### What is being asked
Reproduce the records that follow without alteration, apart from removing the pictures.

━━━━━ Data for review

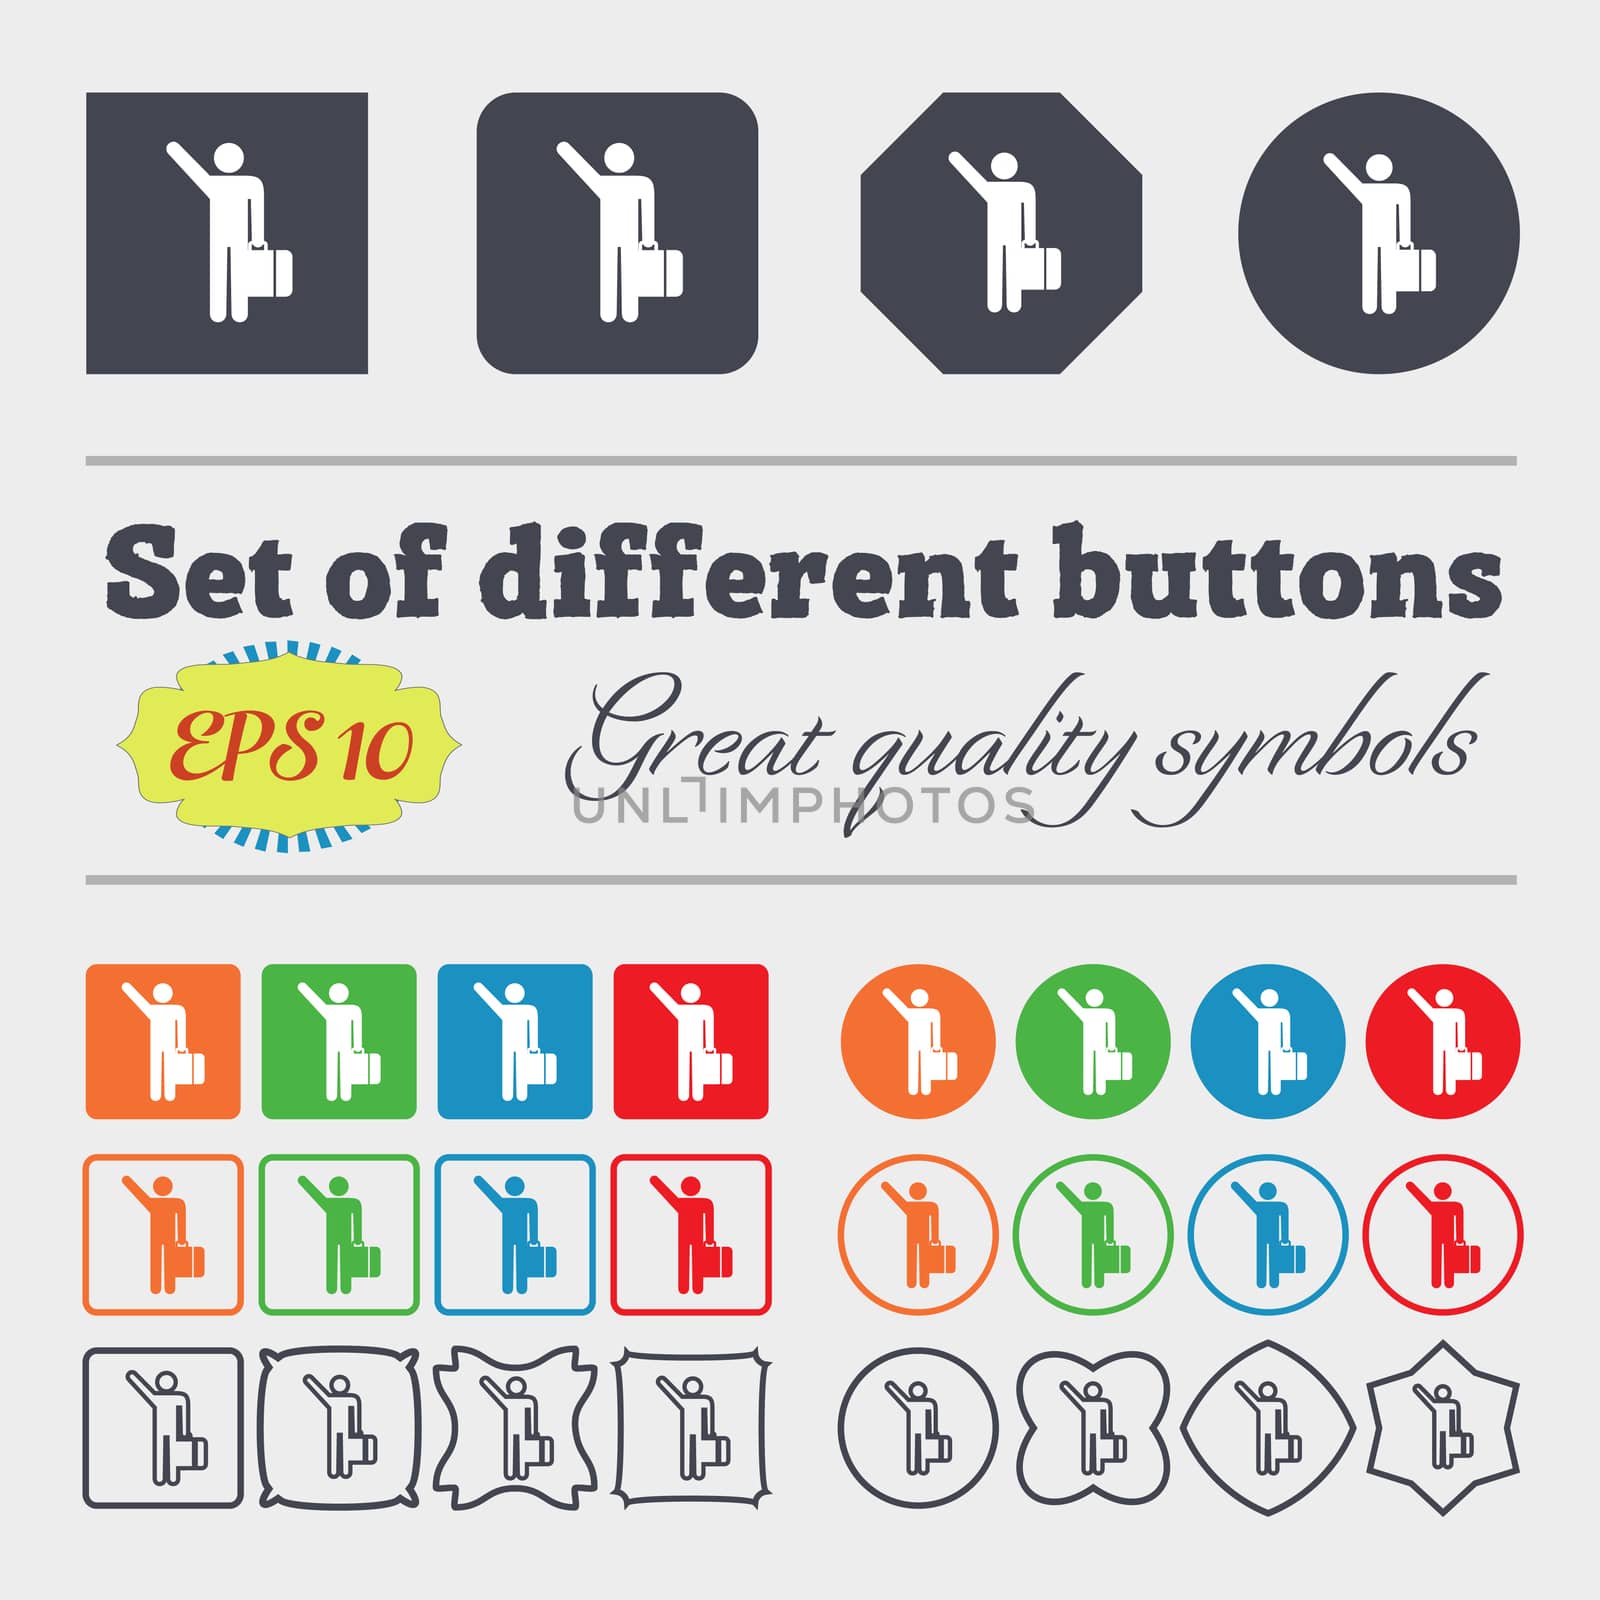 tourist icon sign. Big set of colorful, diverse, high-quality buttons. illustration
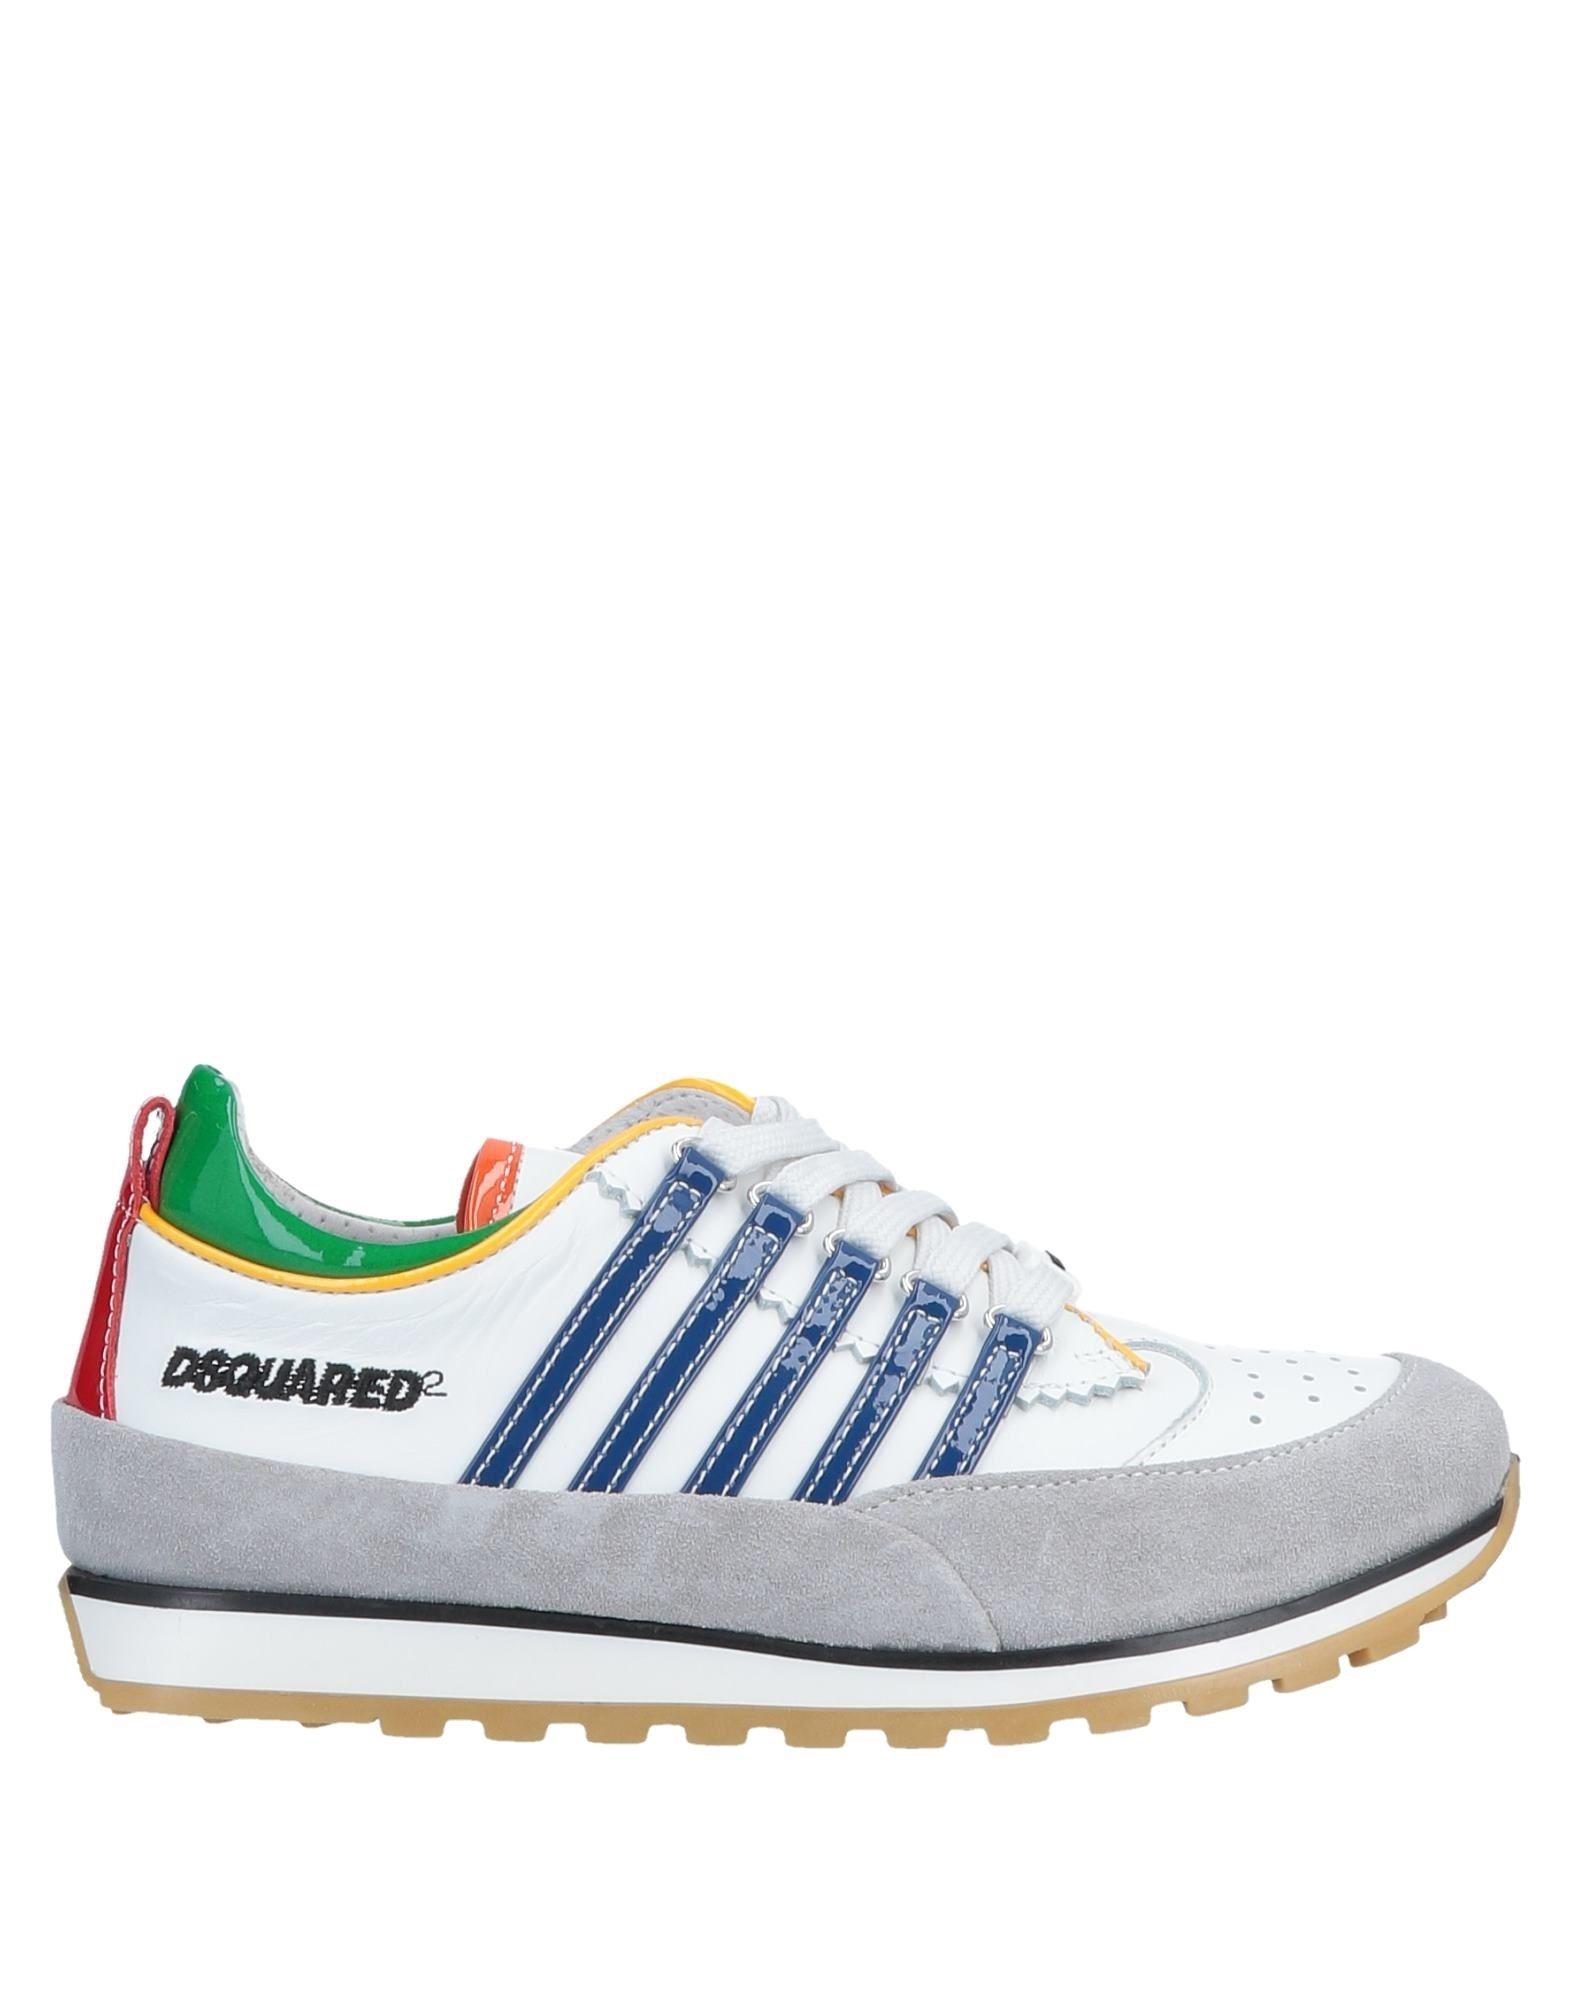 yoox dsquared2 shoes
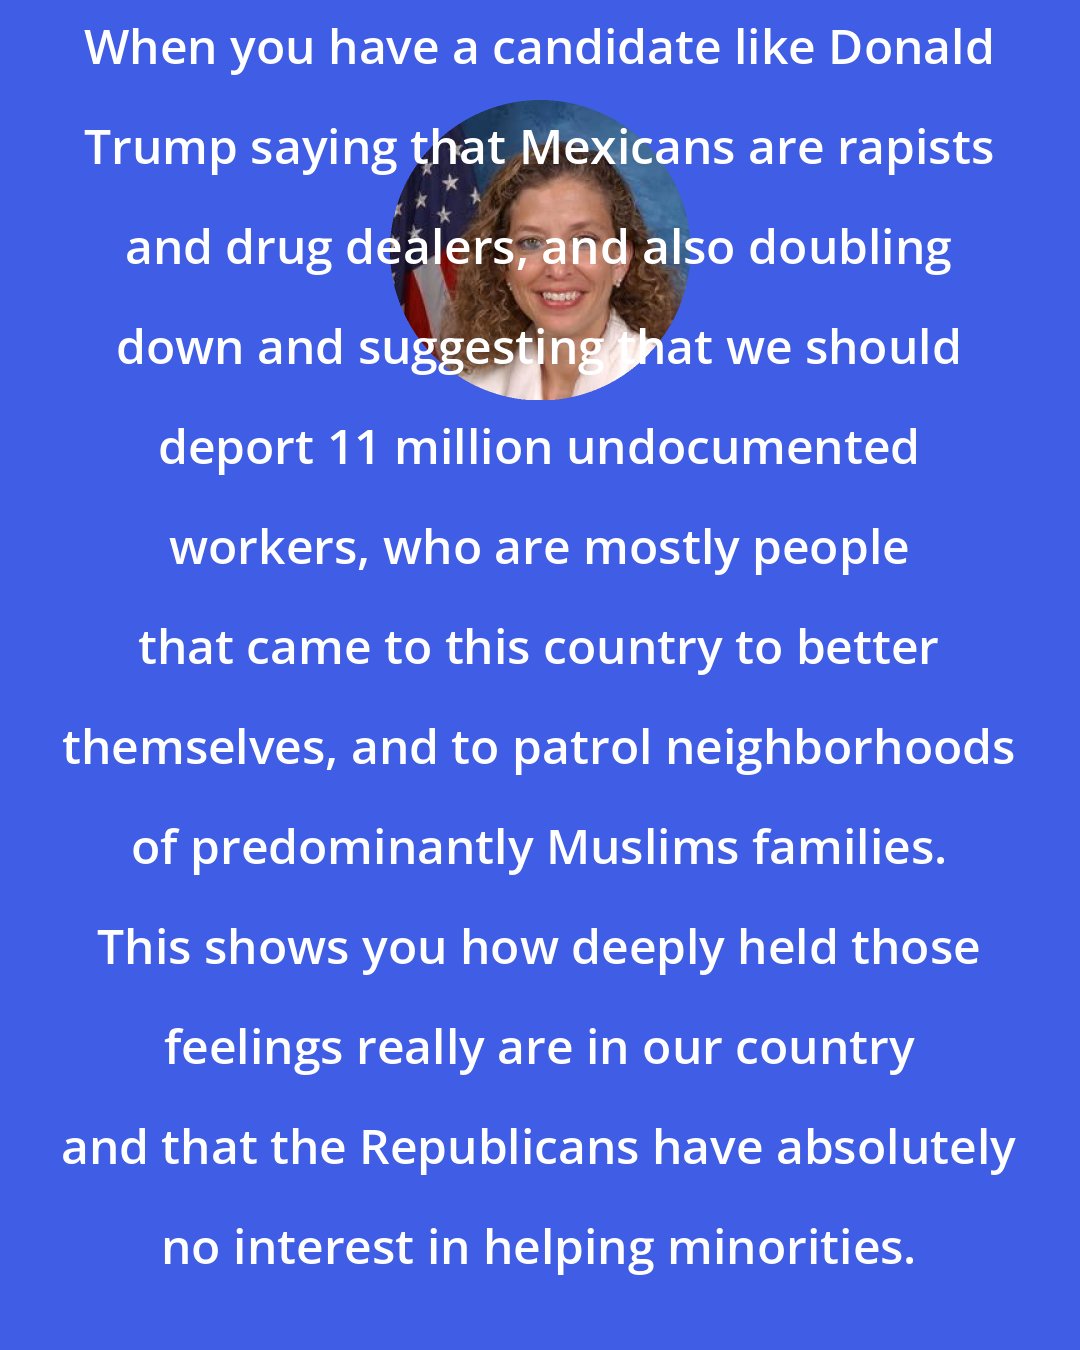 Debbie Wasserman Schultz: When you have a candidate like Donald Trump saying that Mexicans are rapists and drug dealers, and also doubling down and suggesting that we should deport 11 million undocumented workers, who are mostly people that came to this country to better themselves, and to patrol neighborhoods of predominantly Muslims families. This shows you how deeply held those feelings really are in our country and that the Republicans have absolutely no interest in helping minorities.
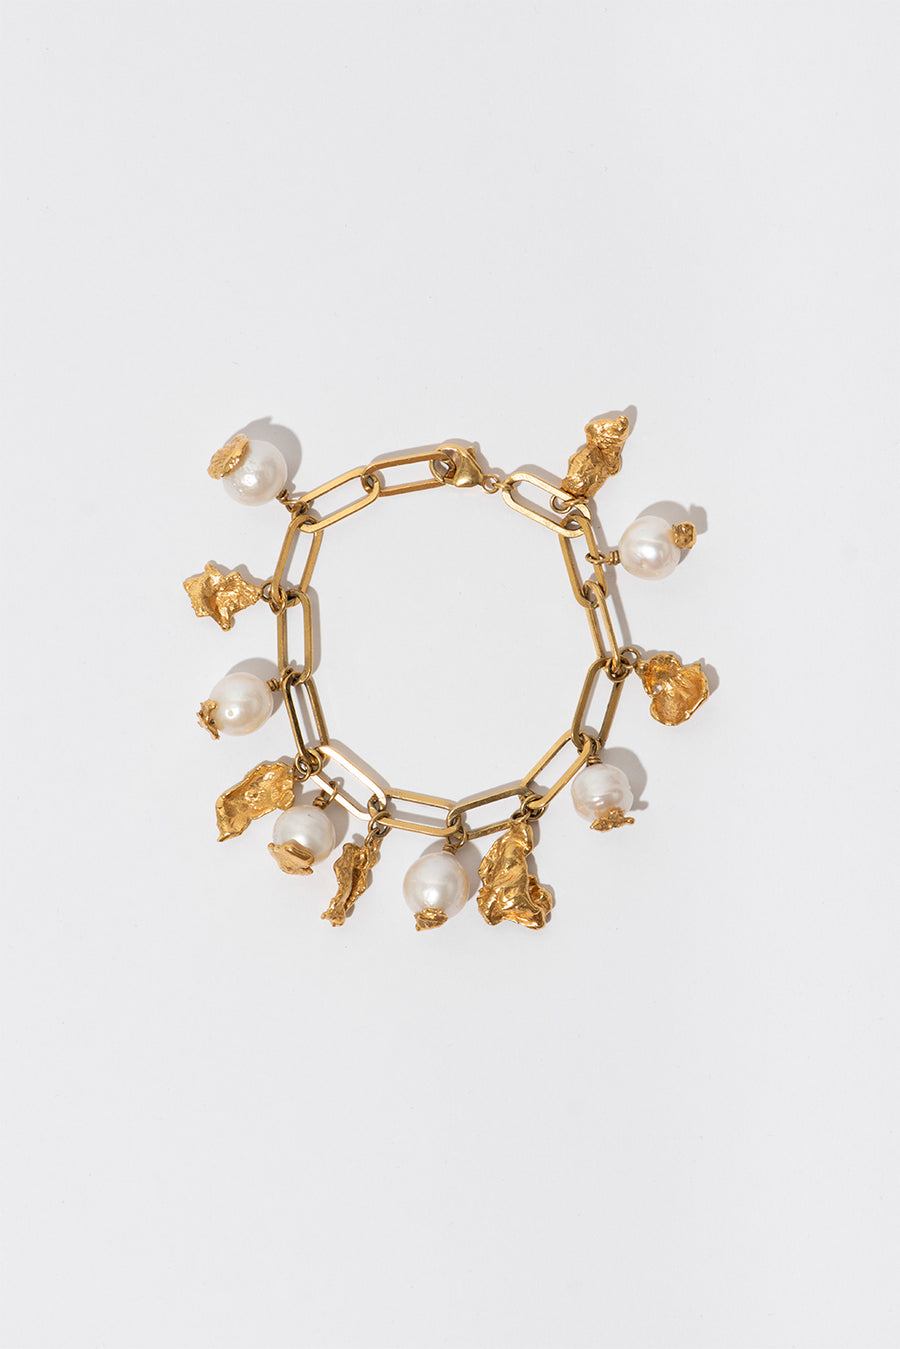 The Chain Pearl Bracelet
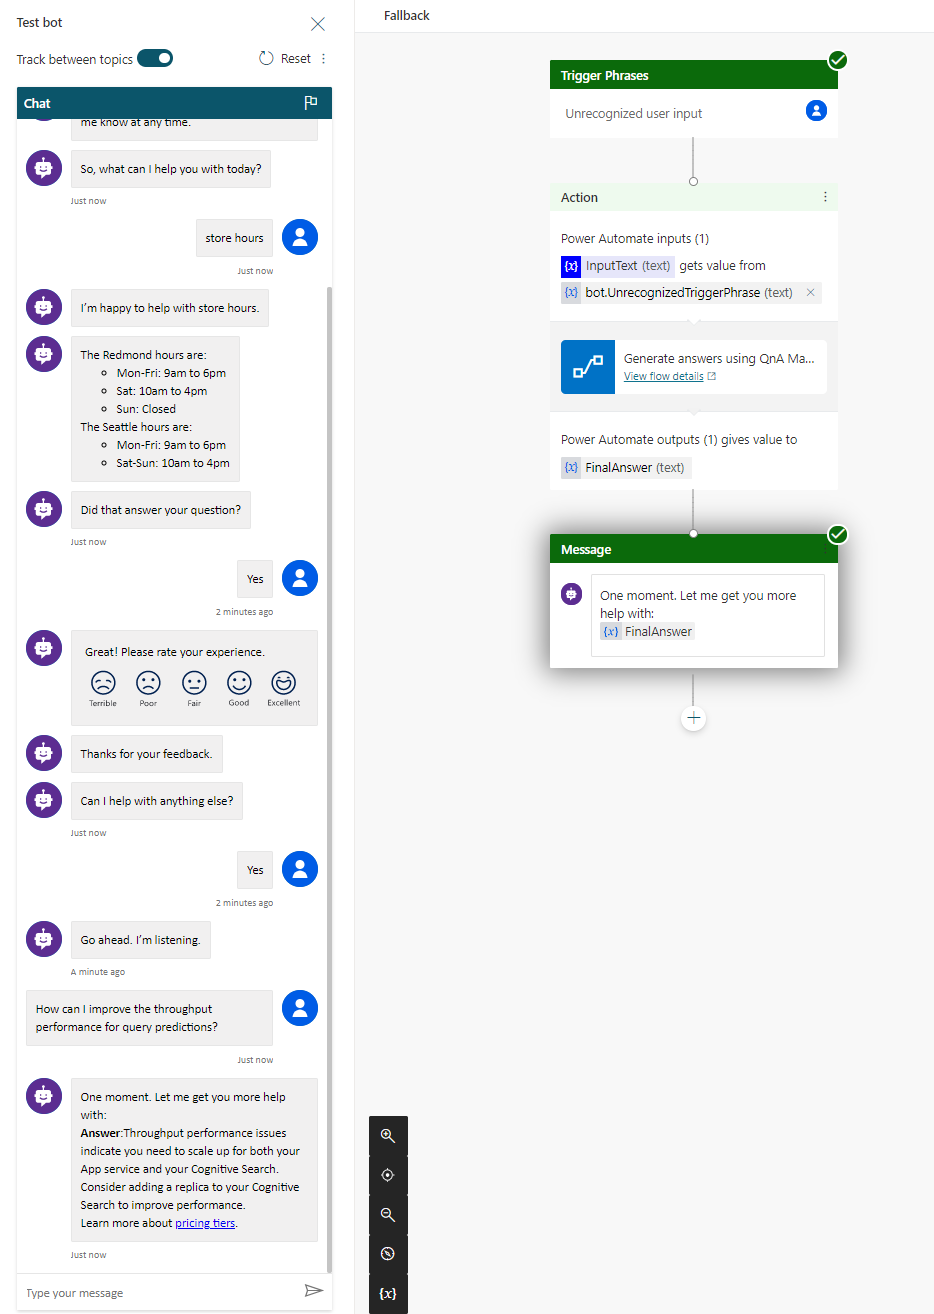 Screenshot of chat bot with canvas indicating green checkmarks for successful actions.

━━━━━━━━━━

### Task solution
 tourist icon sign. Big set of colorful, diverse, high-quality buttons. illustration
 yoox dsquared2 shoes
 Debbie Wasserman Schultz: When you have a candidate like Donald Trump saying that Mexicans are rapists and drug dealers, and also doubling down and suggesting that we should deport 11 million undocumented workers, who are mostly people that came to this country to better themselves, and to patrol neighborhoods of predominantly Muslims families. This shows you how deeply held those feelings really are in our country and that the Republicans have absolutely no interest in helping minorities.
 The Chain Pearl Bracelet
 Screenshot of chat bot with canvas indicating green checkmarks for successful actions.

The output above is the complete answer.